Interdisciplinary investigations of phage-bacteria dynamics and generalized transduction of antimicrobial resistance in Staphylococcus aureus

Antimicrobial resistance (AMR) is a major global public health threat, typically represented by bacteria becoming resistant to antibiotics, and hence harder to treat. A particular concern is multidrug resistance, which can arise as bacteria acquire new AMR genes via horizontal gene transfer (HGT). In the important nosocomial pathogen Staphylococcus aureus, bacteriophage (phage, viruses of bacteria) are the major drivers of HGT of AMR by the process of transduction. In an initial systematic review, I found that dynamics of transduction and the overall contribution of this process to the global spread of AMR are unclear.
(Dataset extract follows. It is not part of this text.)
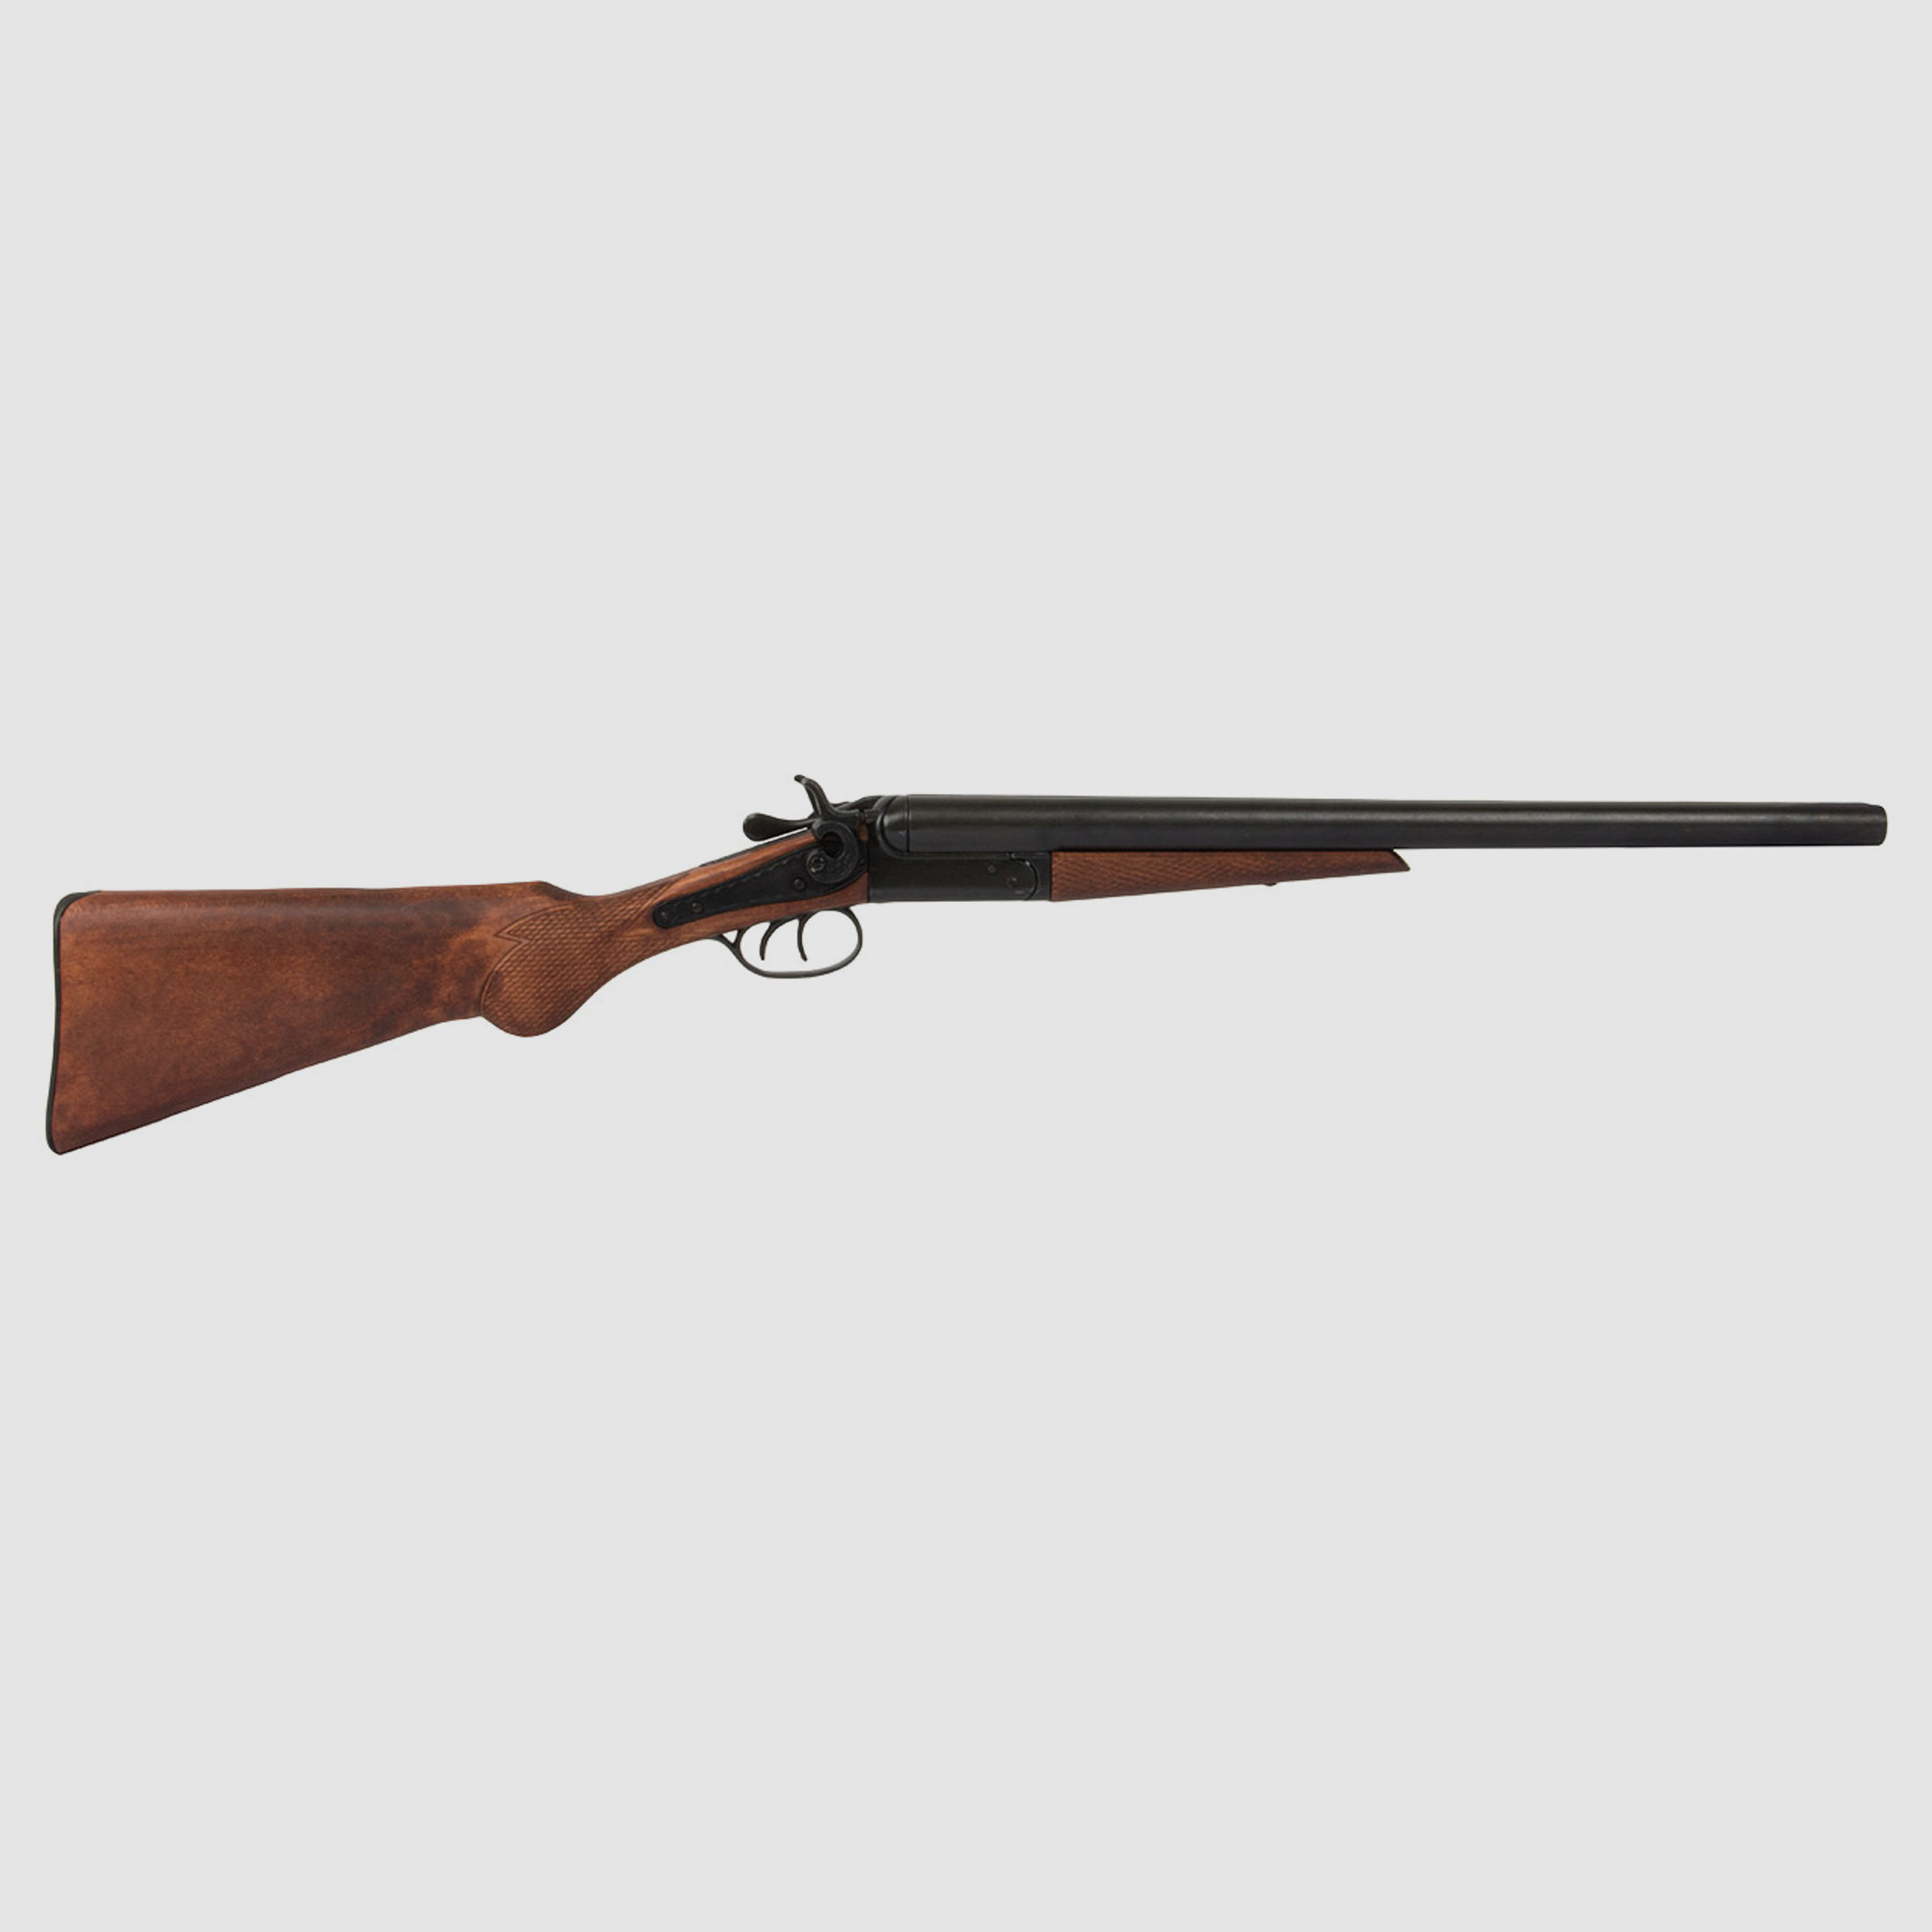 B-Ware Deko Doppelhahn Schrotflinte Wyatt Earp Double Barrel Shotgun USA 1868 voll beweglich LĂ¤nge 89 cm schwarz

In this thesis, I aimed to fill this research gap through an interdisciplinary approach, combining mathematical modelling, lab work, and analysis of routinely collected hospital data. I first investigated the dynamics of phage and S. aureus, including generalised transduction of AMR, by developing a novel mathematical model representing these dynamics, and generating in vitro data to parameterise this model. I estimated rates of generalised transduction, and showed that this process consistently leads to generation of multidrug-resistant bacteria, even in the absence of a selection pressure. Within-host however, phage may often be present alongside antibiotics. These may either act in synergy to kill bacteria, or antibiotics may limit phage predation and instead exert a selective pressure on multidrug-resistant bacteria generated by phage via generalised transduction. I extended my model to include antibiotic pharmacodynamics, and parameterised this by generating additional in vitro data. By analysing this extended model, I identified timings and concentrations of phage and antibiotics which maximise bacteria killing, whilst minimising the risk of multidrug resistance evolution and selection. Finally, I translated these findings to an in vivo setting by analysing 20 years of routinely collected pseudonymised hospital data on more than 20,000 patients colonised or infected by S. aureus. Using antibiograms of more than 70,000 isolates, I identified evidence of within-host AMR phenotypic diversity, and changes in that diversity over time, potentially mediated by transduction. Overall, the work presented in this thesis clarifies some of the complex phage-bacteria dynamics in S. aureus, and highlights the important role played by phage in AMR spread through generalised transduction.